There is one thing I shall always remember. It was that we always got a little box of cereal every morning. You could cut the box open, peel back the tin foil and it formed a bowl that would hold milk. It was sort of neat, but that was not the problem. Every morning we had a ritual. You shook up your box, cut open the package and sat the box back on the table. Then all these small bugs came running out. There were hundreds of them in these cereal packages. Little tiny bugs went running everywhere on the table. This was somewhat funny to us at first, but after a while, it was not funny anymore. Of course, we complained, but Mrs. Winters, the head matron would tell us, “Shut your damn mouths and be thankful that we had cereal at all.”

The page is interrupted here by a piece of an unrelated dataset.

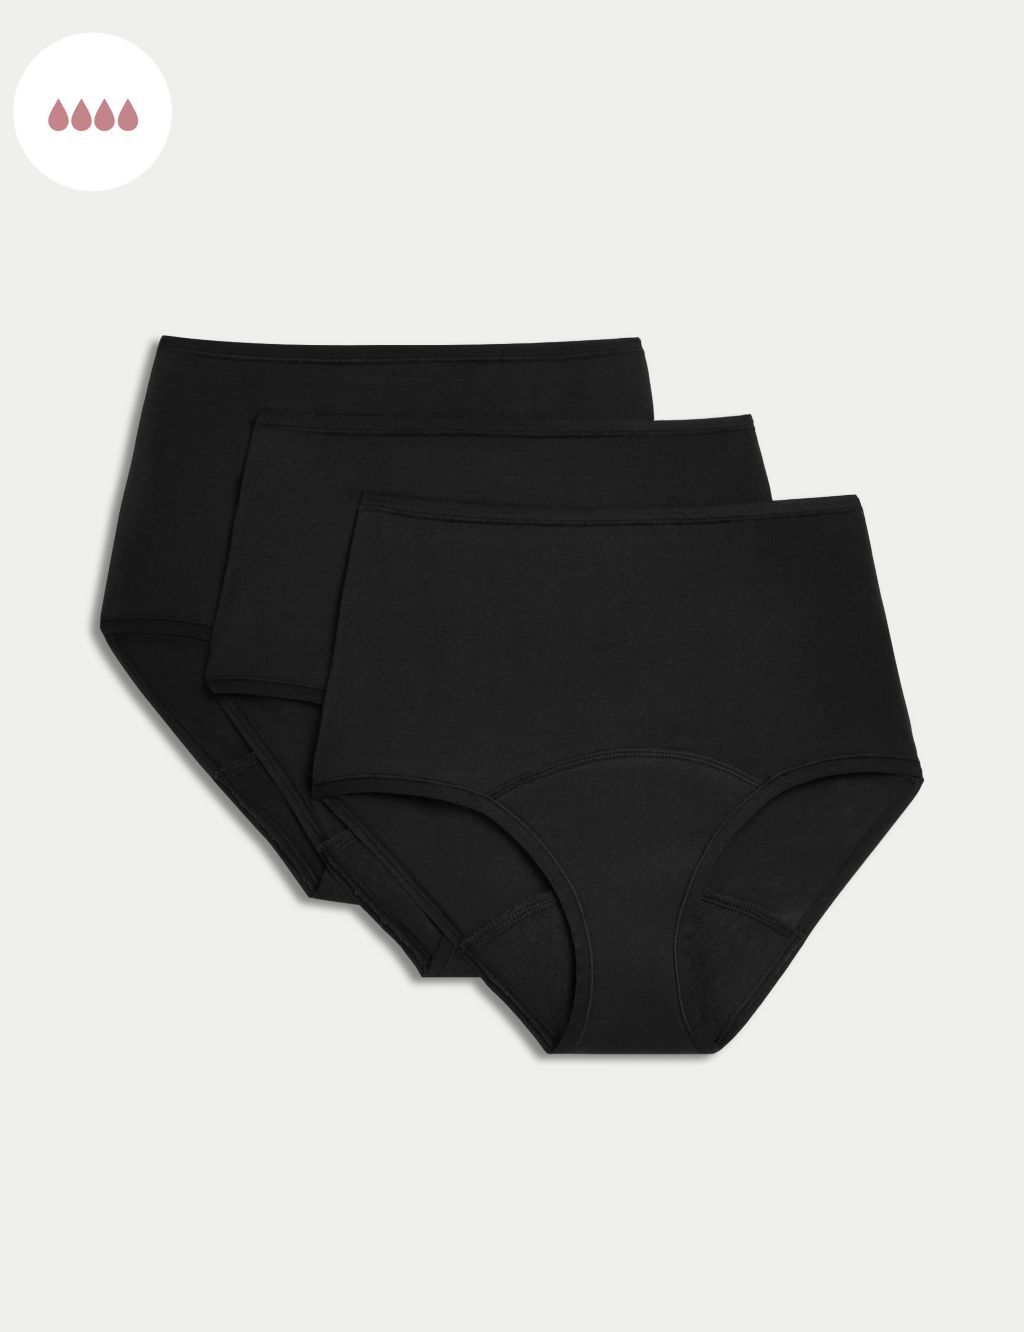 Women Menstrual Leakproof Panties High Waist Period Protective Easy Clean  Briefs Postpartum Underwear 3 Pack Black XX-Large price in UAE,  UAE

Being the little bastard that I was, I decided to investigate the situation. You know how little criminals are!

Several weeks later, I found out the cereal came from the United States Navy. This bug-ridden treat had been out at sea for many, many years. They needed to get rid of it, so we were the lucky recipients. Of course, I started spreading a rumor around the orphanage. I told everyone that the little bug creatures were actually crabs taken off the sailors. This did not sit well with Mrs. Winters, not to mention the black cook, Charity.

Well, at least we got pancakes for the next few weeks, until the kids finally settled back down. I should have realized right then, that I should grow up and become a lawyer.